=== DATA FOR THE TASK ===
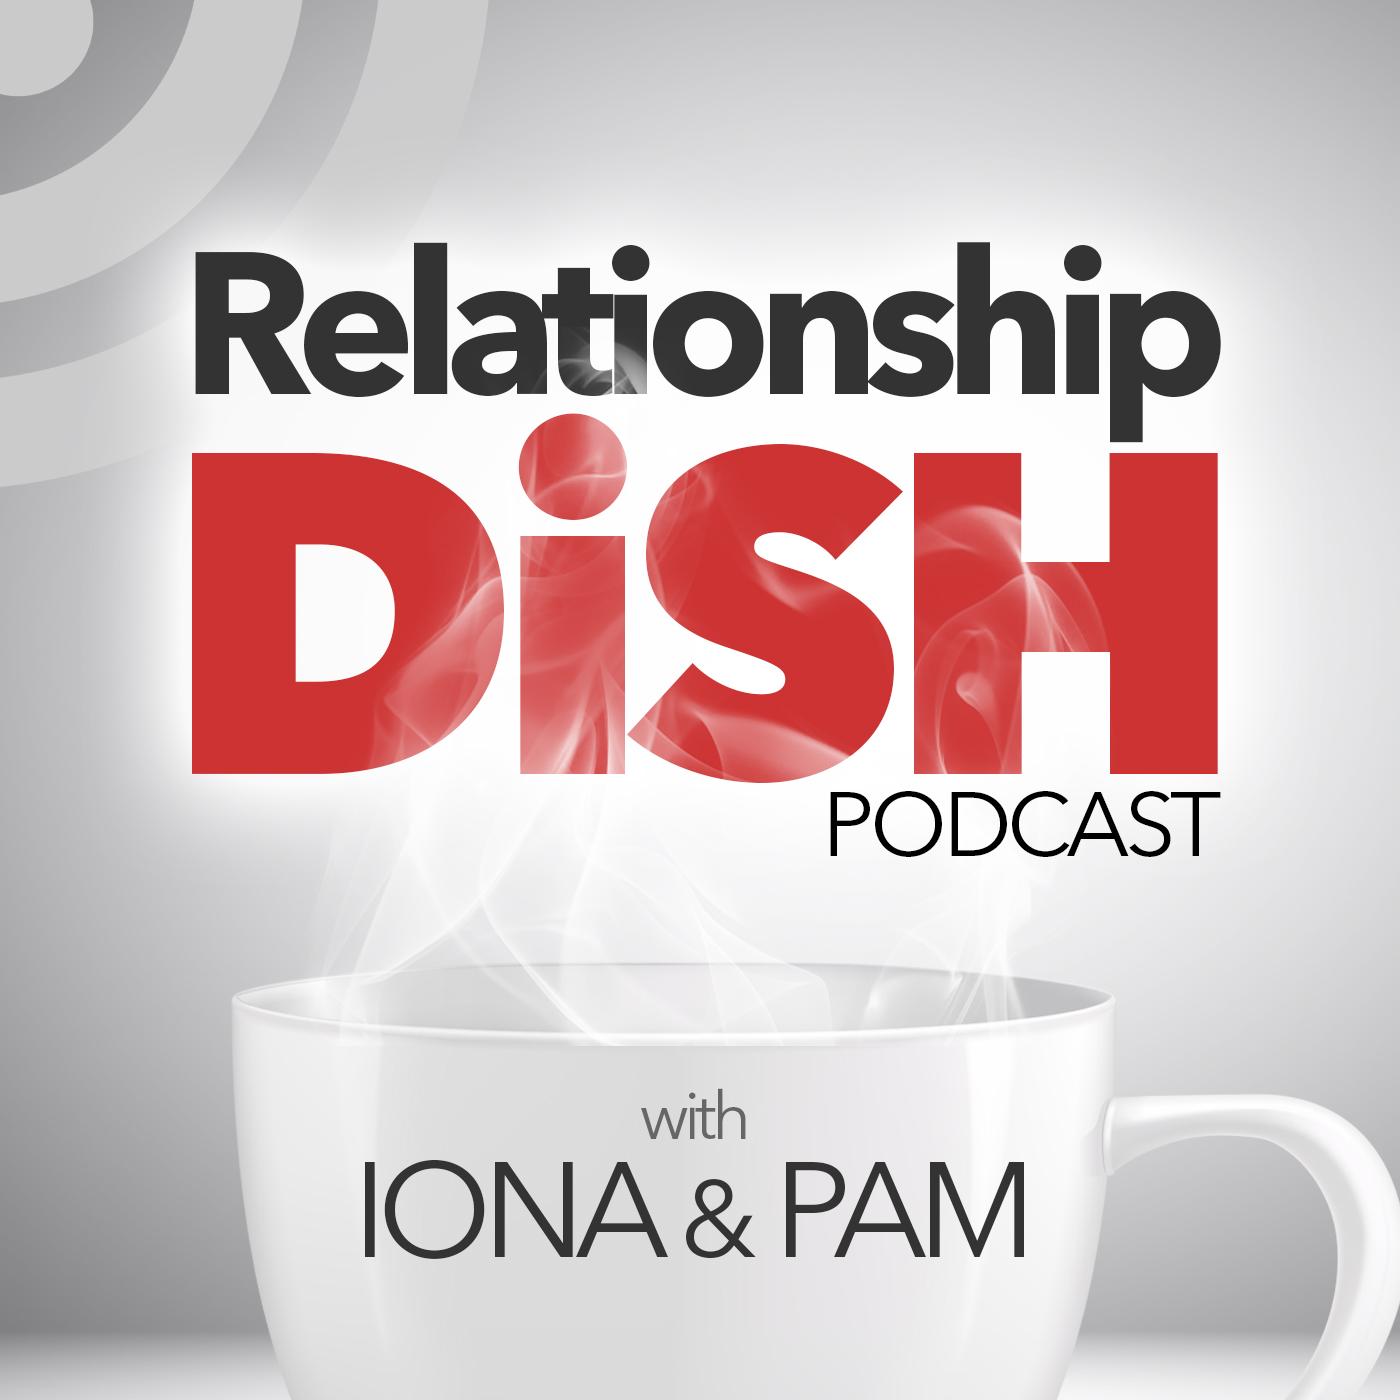 Relationship Dish - Season 4 Welcome!
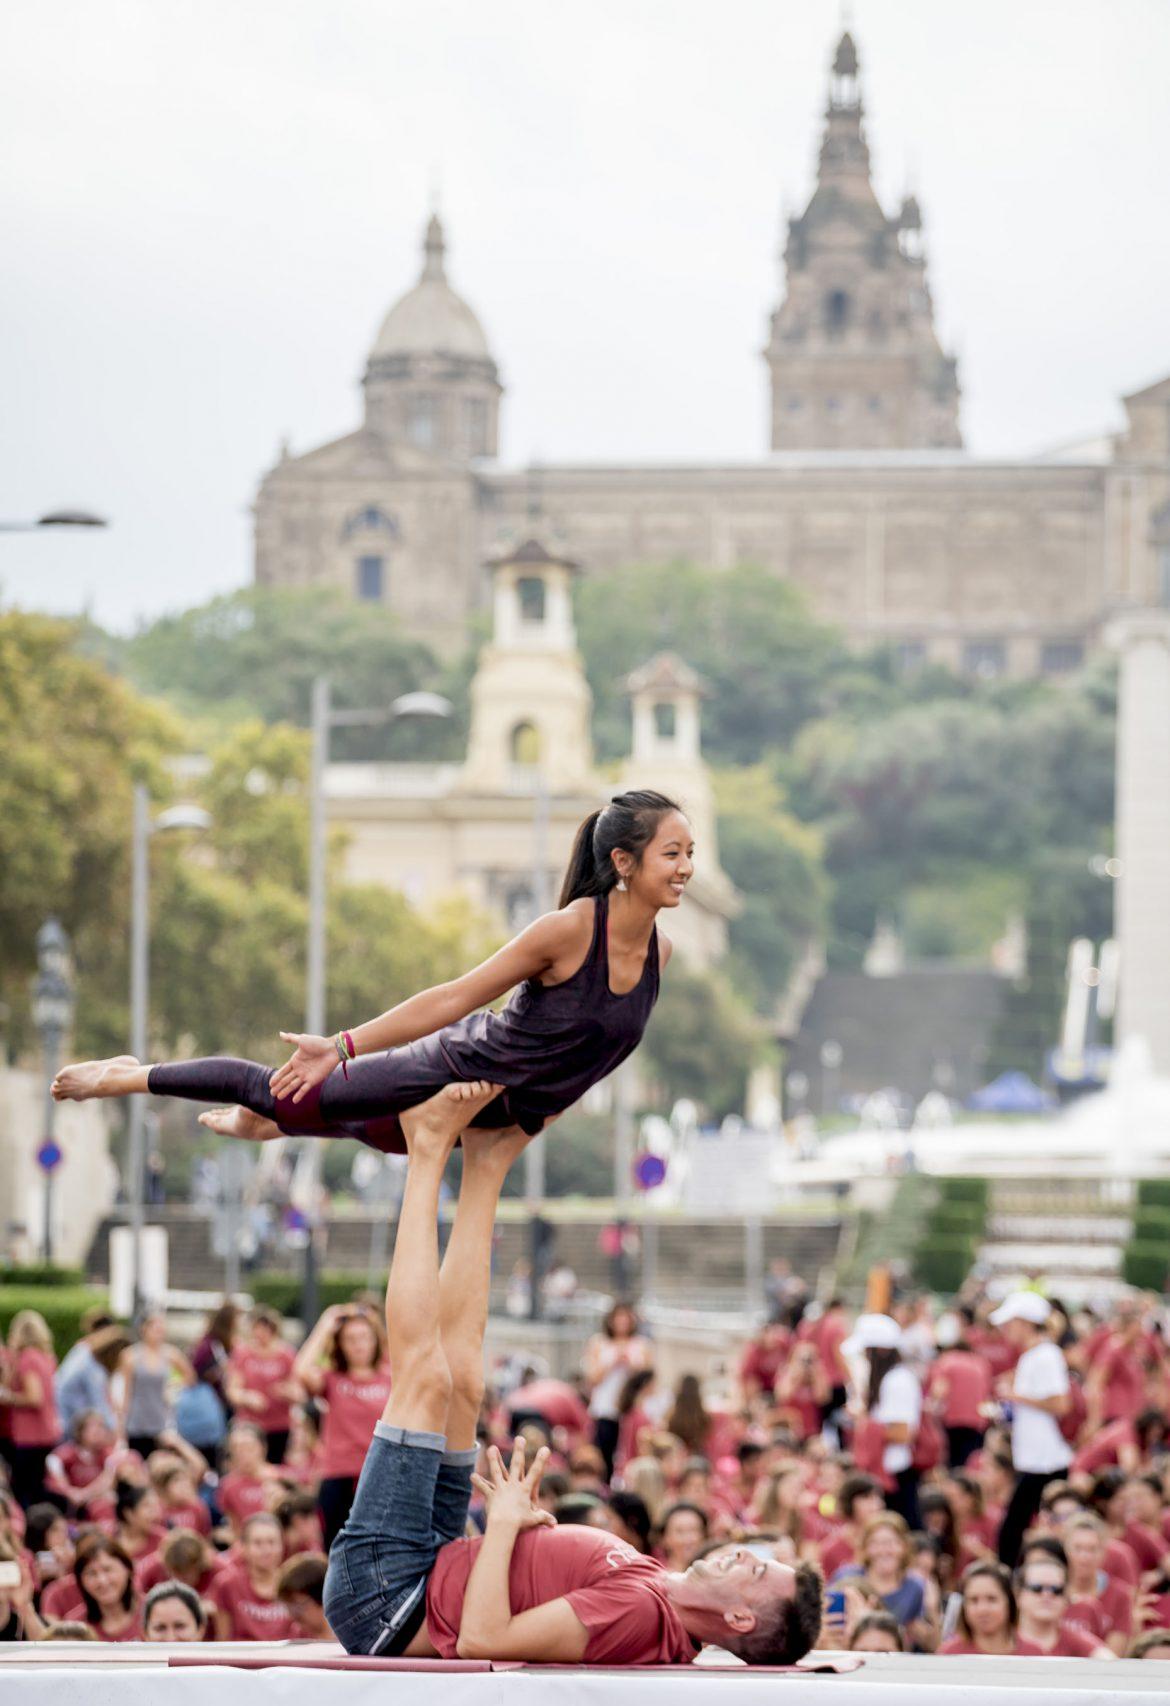 chica practicando yoga aéreo
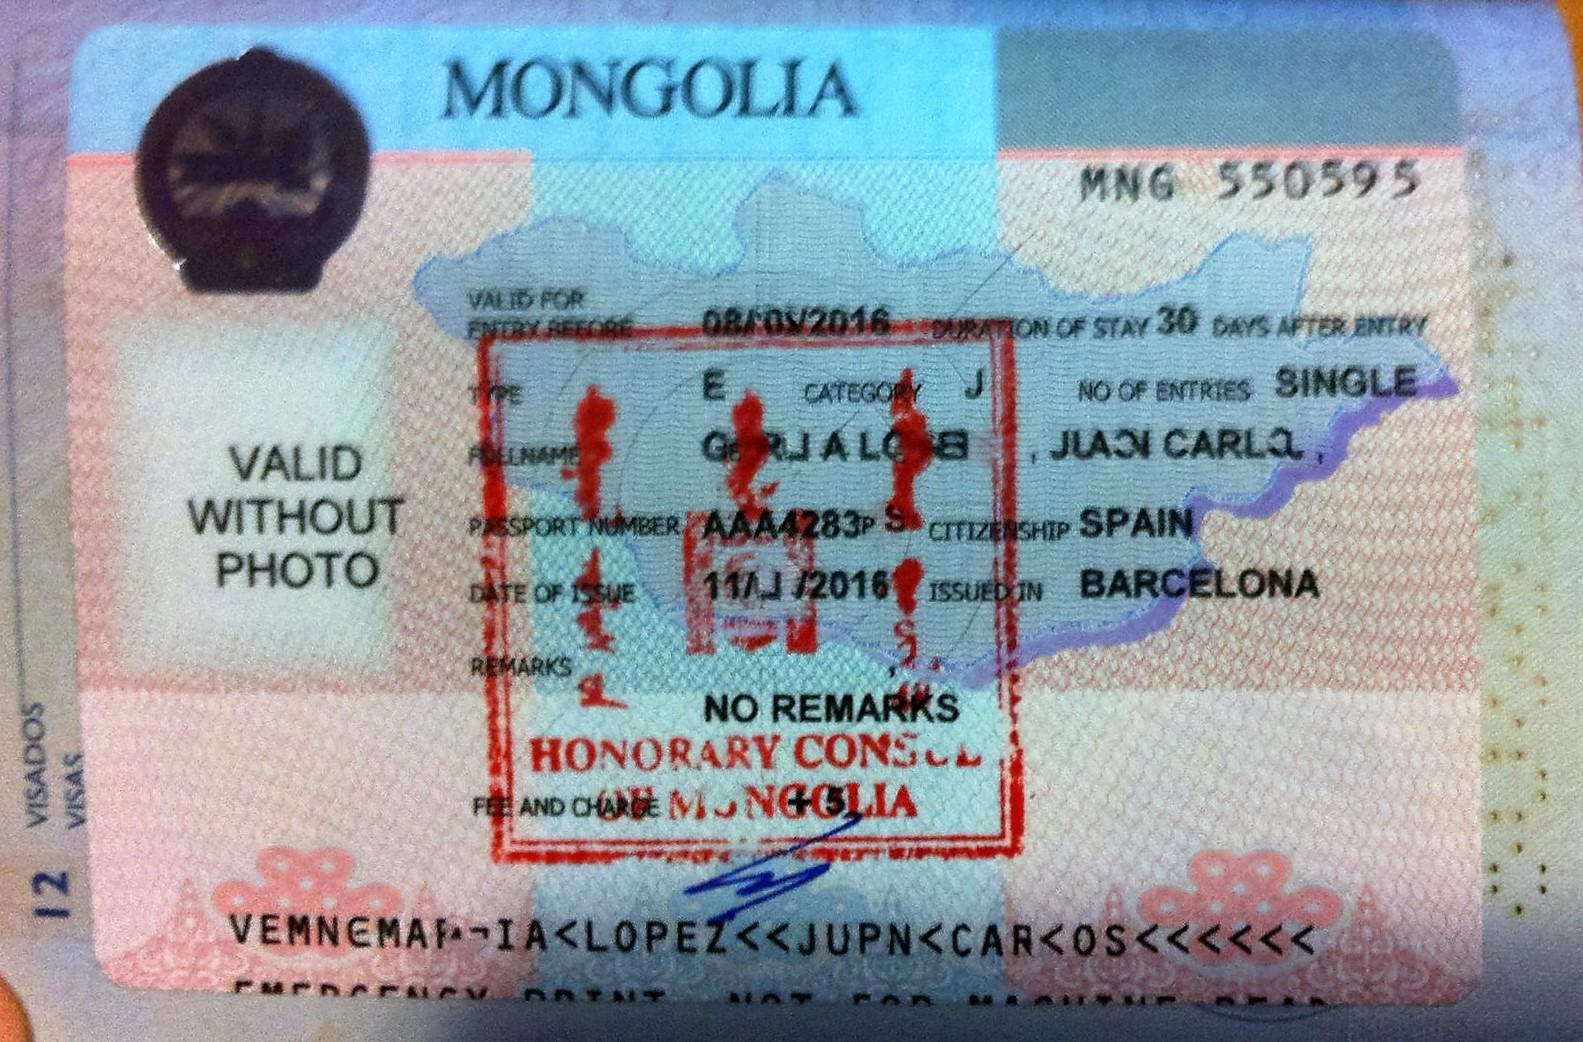 19 De Mayo. Visado De Mongolia
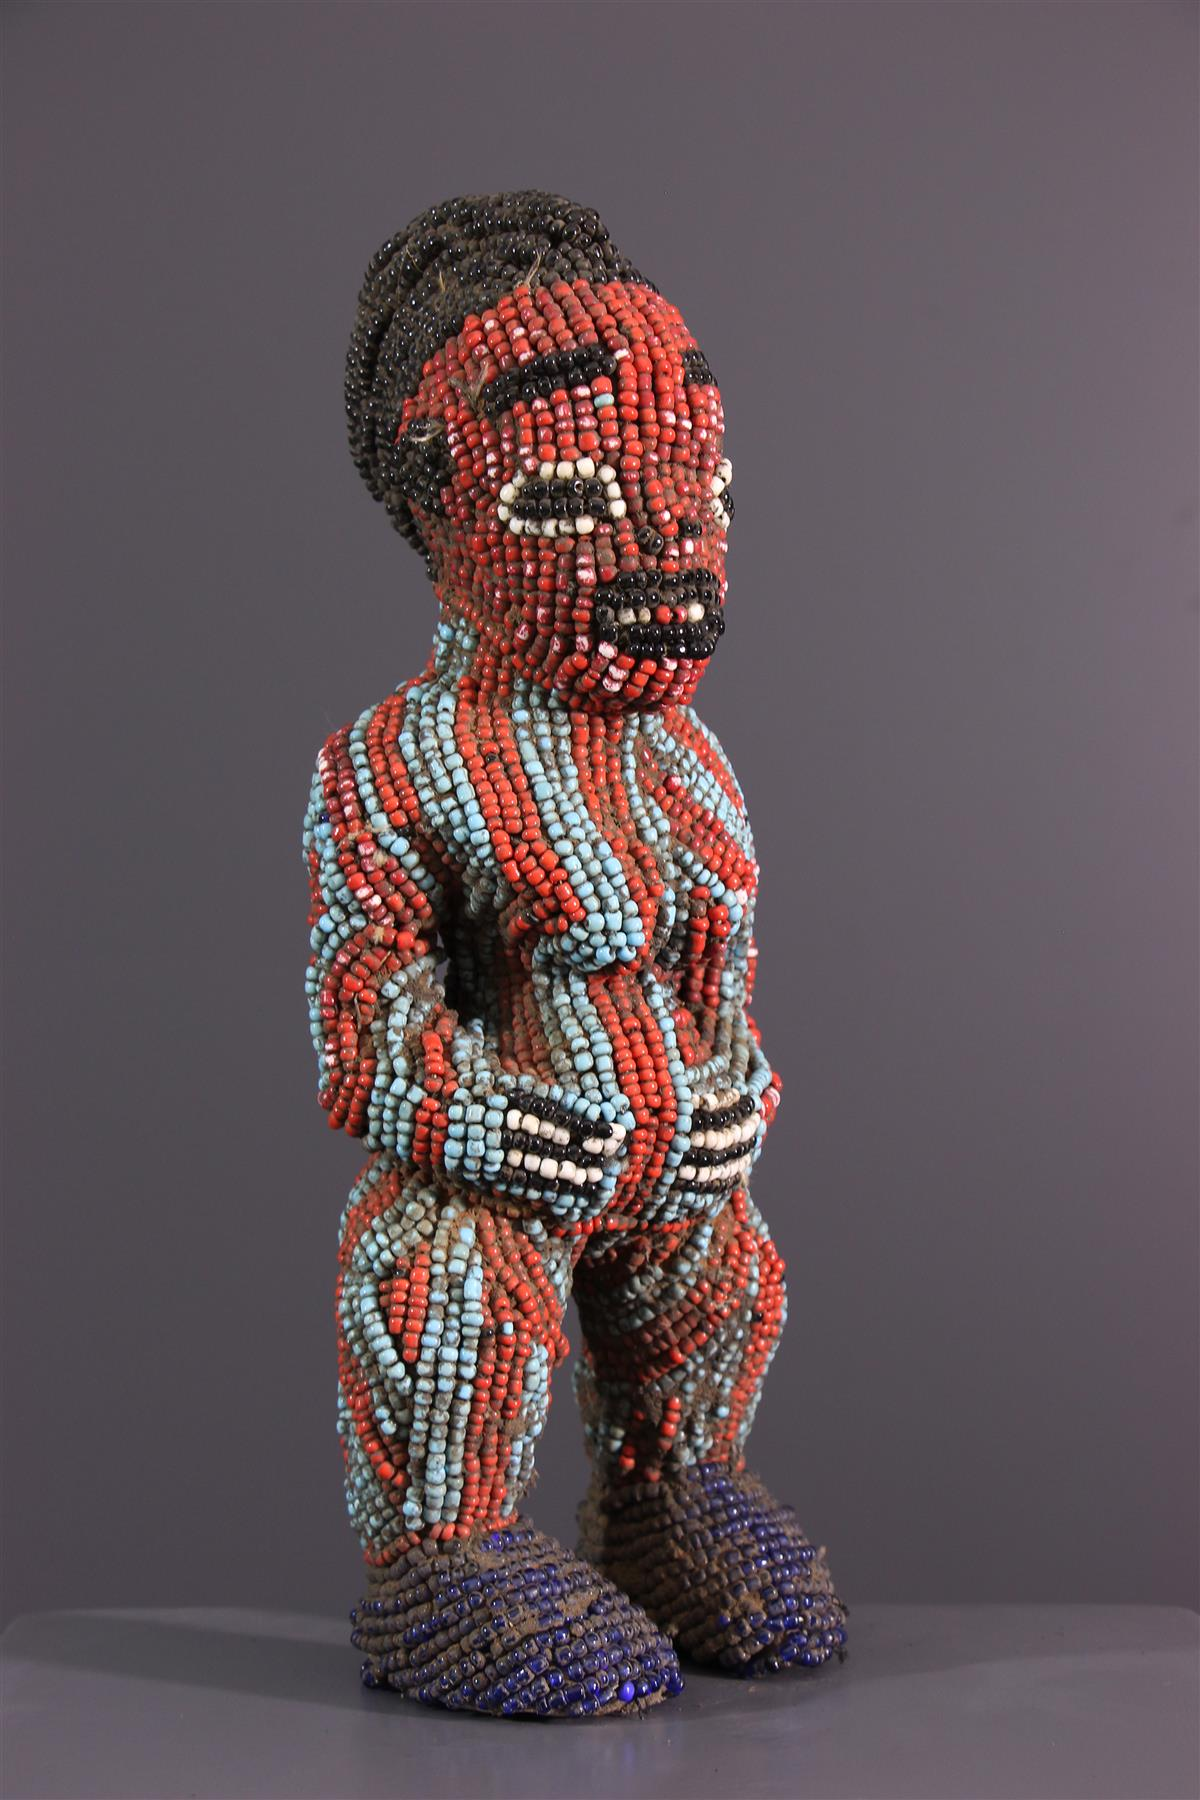 Statue Cameroon - African art
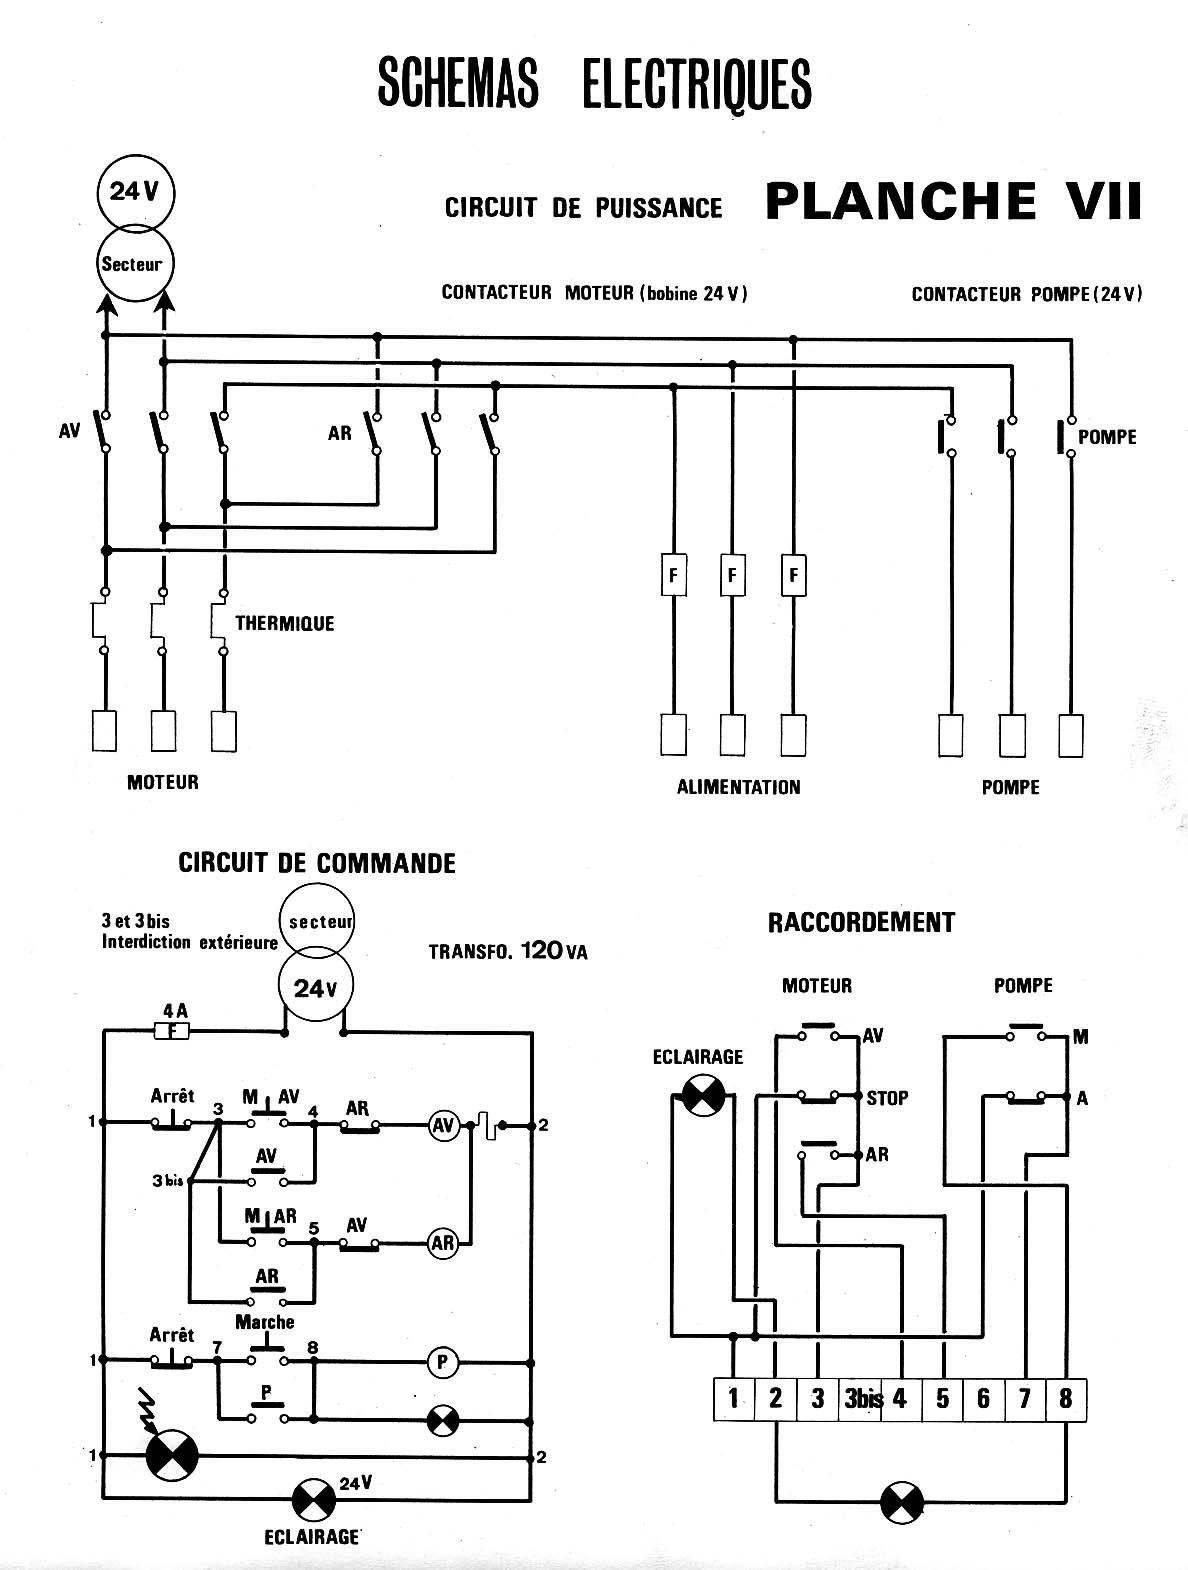 schéma electri socomo.jpg
===
Leave the pictures out, and transcribe each of the records exactly.

 Relationship Dish - Season 4 Welcome!
 chica practicando yoga aéreo
 19 De Mayo. Visado De Mongolia
 Statue Cameroon - African art
 schéma electri socomo.jpg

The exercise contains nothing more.